* _Required action_
The reply to the records below should contain exactly the lines from the line with "Free Resume Samples" through the line with "Dockers pantalones - Los", and nothing besides.
**** Input material ****
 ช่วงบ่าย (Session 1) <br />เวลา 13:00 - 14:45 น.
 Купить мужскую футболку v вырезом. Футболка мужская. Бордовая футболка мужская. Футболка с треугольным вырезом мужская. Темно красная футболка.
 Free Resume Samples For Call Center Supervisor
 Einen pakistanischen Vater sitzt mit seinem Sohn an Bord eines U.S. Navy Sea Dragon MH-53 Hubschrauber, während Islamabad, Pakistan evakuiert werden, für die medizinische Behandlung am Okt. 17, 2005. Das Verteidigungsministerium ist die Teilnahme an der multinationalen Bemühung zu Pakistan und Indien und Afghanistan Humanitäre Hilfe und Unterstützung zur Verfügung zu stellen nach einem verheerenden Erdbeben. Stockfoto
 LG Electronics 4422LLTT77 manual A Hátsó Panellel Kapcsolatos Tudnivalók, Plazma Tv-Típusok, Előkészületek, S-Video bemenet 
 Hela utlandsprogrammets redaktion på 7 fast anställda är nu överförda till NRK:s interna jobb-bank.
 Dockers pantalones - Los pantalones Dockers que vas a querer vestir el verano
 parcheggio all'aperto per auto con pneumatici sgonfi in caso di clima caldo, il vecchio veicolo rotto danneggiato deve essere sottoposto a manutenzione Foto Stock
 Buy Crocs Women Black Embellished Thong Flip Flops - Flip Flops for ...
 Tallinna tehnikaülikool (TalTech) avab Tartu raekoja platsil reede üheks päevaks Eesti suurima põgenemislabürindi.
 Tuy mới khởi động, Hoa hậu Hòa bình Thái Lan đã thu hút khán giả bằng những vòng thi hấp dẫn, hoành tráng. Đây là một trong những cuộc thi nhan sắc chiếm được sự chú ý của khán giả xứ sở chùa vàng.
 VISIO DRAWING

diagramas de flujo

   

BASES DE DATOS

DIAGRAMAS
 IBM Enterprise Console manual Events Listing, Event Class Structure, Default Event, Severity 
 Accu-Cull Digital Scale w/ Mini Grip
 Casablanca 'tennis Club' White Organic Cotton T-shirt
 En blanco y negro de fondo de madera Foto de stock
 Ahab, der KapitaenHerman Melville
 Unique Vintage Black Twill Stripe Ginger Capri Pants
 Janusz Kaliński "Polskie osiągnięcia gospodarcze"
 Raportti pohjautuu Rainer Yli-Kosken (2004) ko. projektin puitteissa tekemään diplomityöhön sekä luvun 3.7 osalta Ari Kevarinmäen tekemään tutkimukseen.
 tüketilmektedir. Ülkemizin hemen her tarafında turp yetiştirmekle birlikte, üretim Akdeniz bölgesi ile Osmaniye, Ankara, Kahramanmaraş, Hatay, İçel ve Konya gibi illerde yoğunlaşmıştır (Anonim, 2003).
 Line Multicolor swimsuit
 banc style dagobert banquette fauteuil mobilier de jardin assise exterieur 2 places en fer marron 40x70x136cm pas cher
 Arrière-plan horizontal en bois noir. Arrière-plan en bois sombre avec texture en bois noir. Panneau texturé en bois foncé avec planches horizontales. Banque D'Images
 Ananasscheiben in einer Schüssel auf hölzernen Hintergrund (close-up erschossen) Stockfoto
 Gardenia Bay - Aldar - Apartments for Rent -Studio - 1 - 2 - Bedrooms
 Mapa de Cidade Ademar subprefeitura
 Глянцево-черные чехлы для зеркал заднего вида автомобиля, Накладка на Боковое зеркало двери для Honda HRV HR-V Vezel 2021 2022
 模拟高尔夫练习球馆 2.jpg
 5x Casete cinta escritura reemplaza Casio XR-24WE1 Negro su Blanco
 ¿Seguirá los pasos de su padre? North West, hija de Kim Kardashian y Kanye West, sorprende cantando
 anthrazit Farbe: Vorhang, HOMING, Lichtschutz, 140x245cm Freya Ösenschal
****
* _Response box_
 Free Resume Samples For Call Center Supervisor
 Einen pakistanischen Vater sitzt mit seinem Sohn an Bord eines U.S. Navy Sea Dragon MH-53 Hubschrauber, während Islamabad, Pakistan evakuiert werden, für die medizinische Behandlung am Okt. 17, 2005. Das Verteidigungsministerium ist die Teilnahme an der multinationalen Bemühung zu Pakistan und Indien und Afghanistan Humanitäre Hilfe und Unterstützung zur Verfügung zu stellen nach einem verheerenden Erdbeben. Stockfoto
 LG Electronics 4422LLTT77 manual A Hátsó Panellel Kapcsolatos Tudnivalók, Plazma Tv-Típusok, Előkészületek, S-Video bemenet 
 Hela utlandsprogrammets redaktion på 7 fast anställda är nu överförda till NRK:s interna jobb-bank.
 Dockers pantalones - Los pantalones Dockers que vas a querer vestir el verano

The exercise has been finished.